Mays was mainly exposed in pass coverage this year. He often went for big hits when he could have easily intercepted or at least deflected the ball. He often took bad angles on receivers running deep and would either get beat or his raw athleticism would kick in to make a play.

Mays will not always be able to rely on his physical gifts, especially in the NFL when most receivers will be just as athletic. He must work on improving his lateral agility and become more instinctual on the field.

Another problem of Mays is his tackling. He often does not wrap up and is more preoccupied with laying a big hit. NFL running backs will make him pay next year if he does not properly tackle. Mays also has questionable hands for a centerfield-type safety. He only had five interceptions in his career, and three of them came his freshman year.

What We Can Expect at the Combine

Mays should be an absolute freak at the 2010 NFL Combine. He is rumored to run anywhere in the 4.2s or 4.3s. Either time would be unprecedented for someone his size and would only boost his draft stock.

However, the more important drill for Mays may be the shuttle drill.

Many scouts doubt his lateral quickness, and this drill would answer a lot of questions. This is the real drill that may decide if Mays is an early or late first round pick.

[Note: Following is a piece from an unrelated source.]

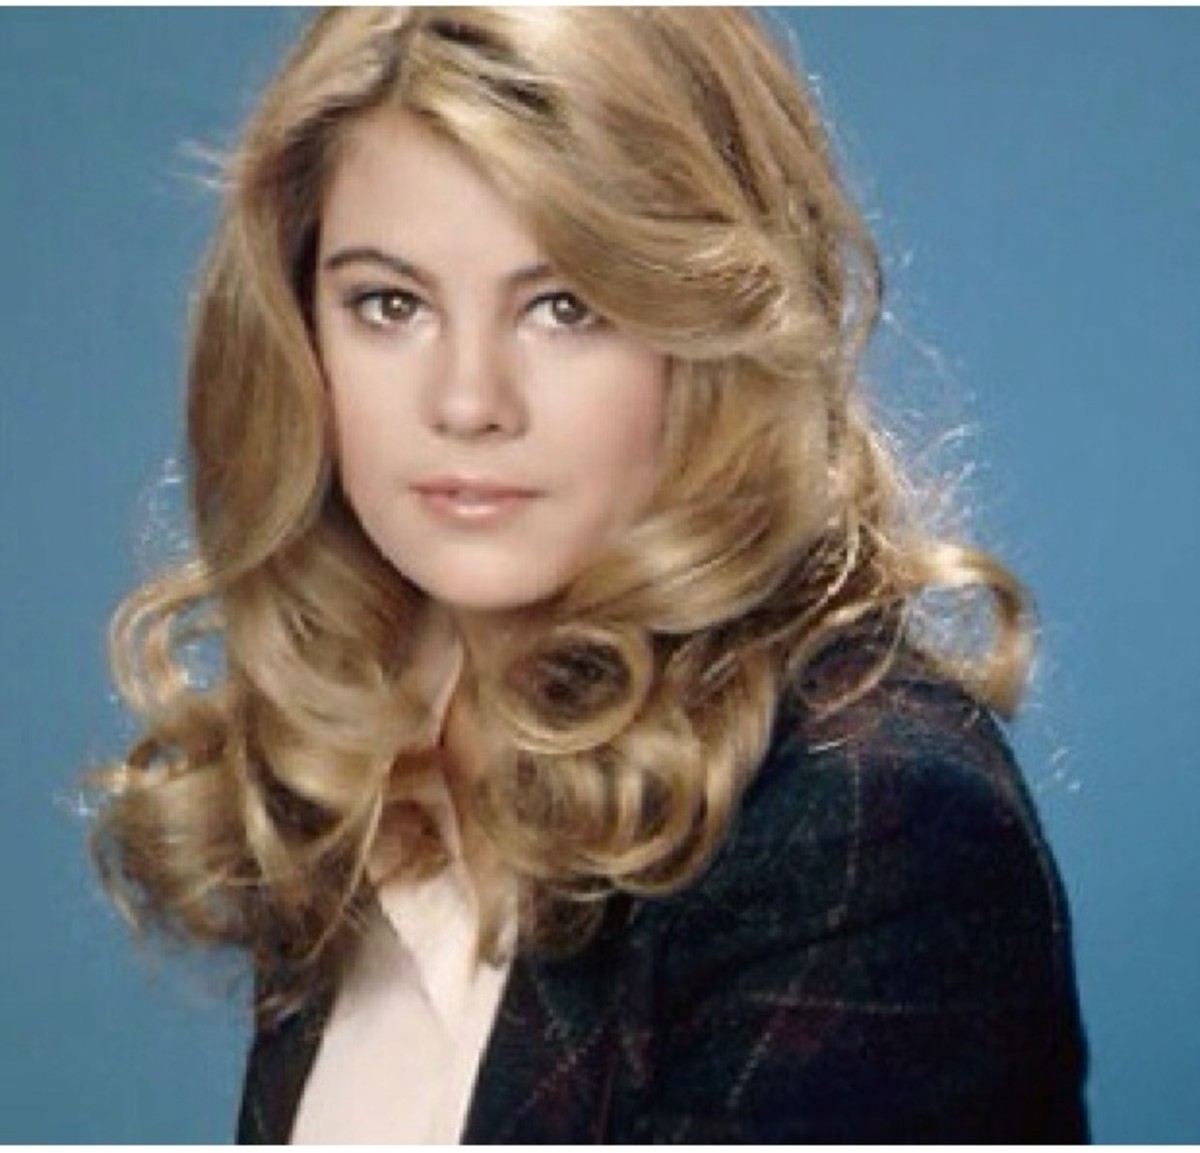 Blair Warner on Facts of Life had the prettiest blonde hair and brown eyes.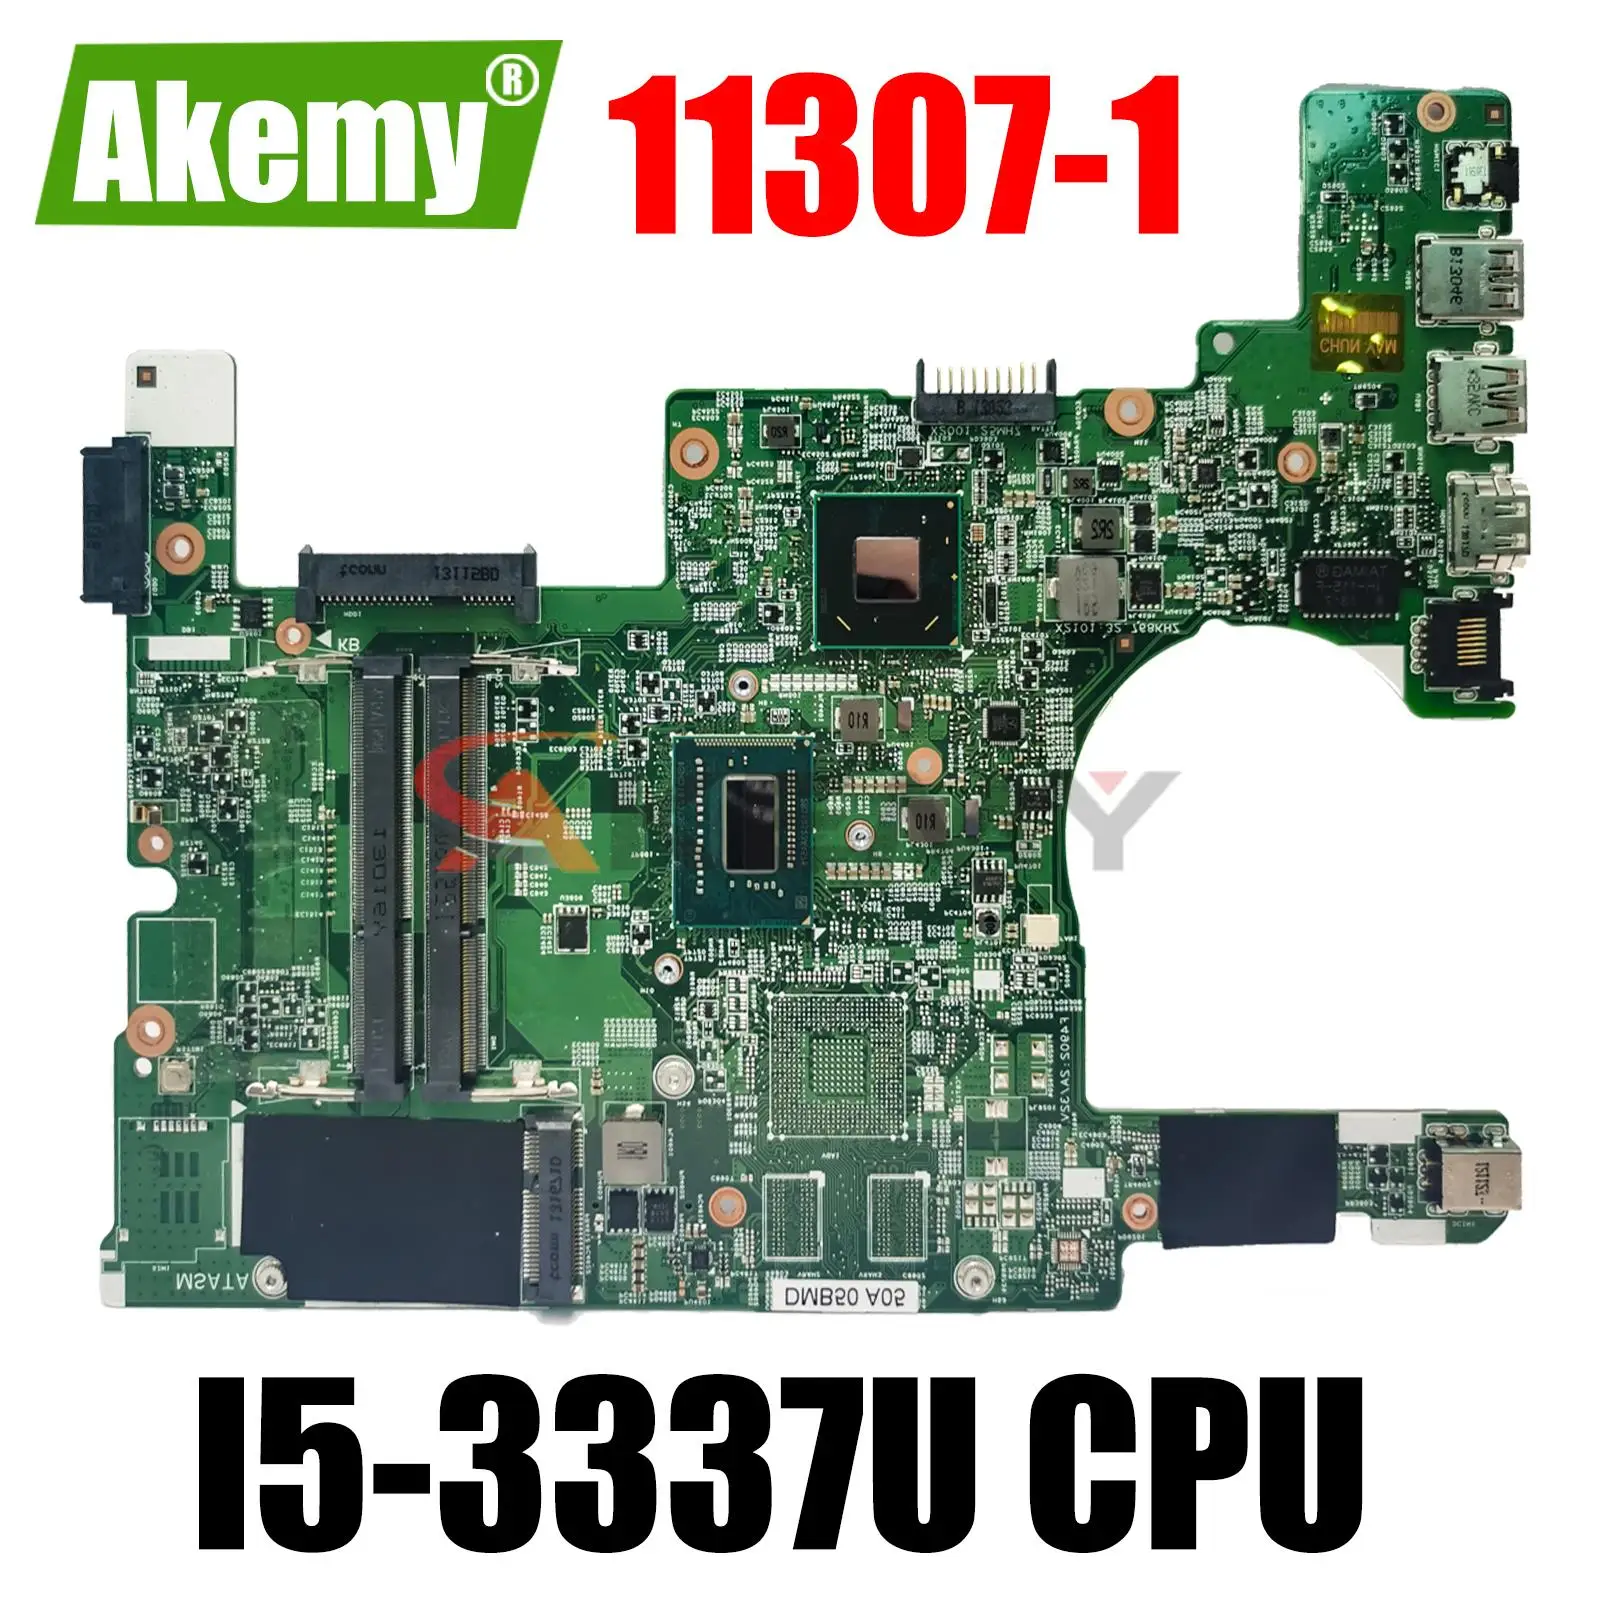 

For DELL Inspiron XPS 15z 5523 Laptop Motherboard With I5-3337U CPU 11307-1 CN-013Y69 013Y69 13Y69 Mainboard 100% tested ok

Mays will also be closely watched during the pass coverage drills. Scouts want to see him have smooth hips and a more natural feel as a safety, along with good hands.

Carrol has said Mays is an excellent kid and a student of the game. He should impress scouts during the interview portion. This too should improve his stock.

Players like Taylor Mays were made for the NFL Combine. He is a freak of nature athlete, who should floor some general managers—Al Davis?—and impress many scouts. Look for Mays to be a combine winner.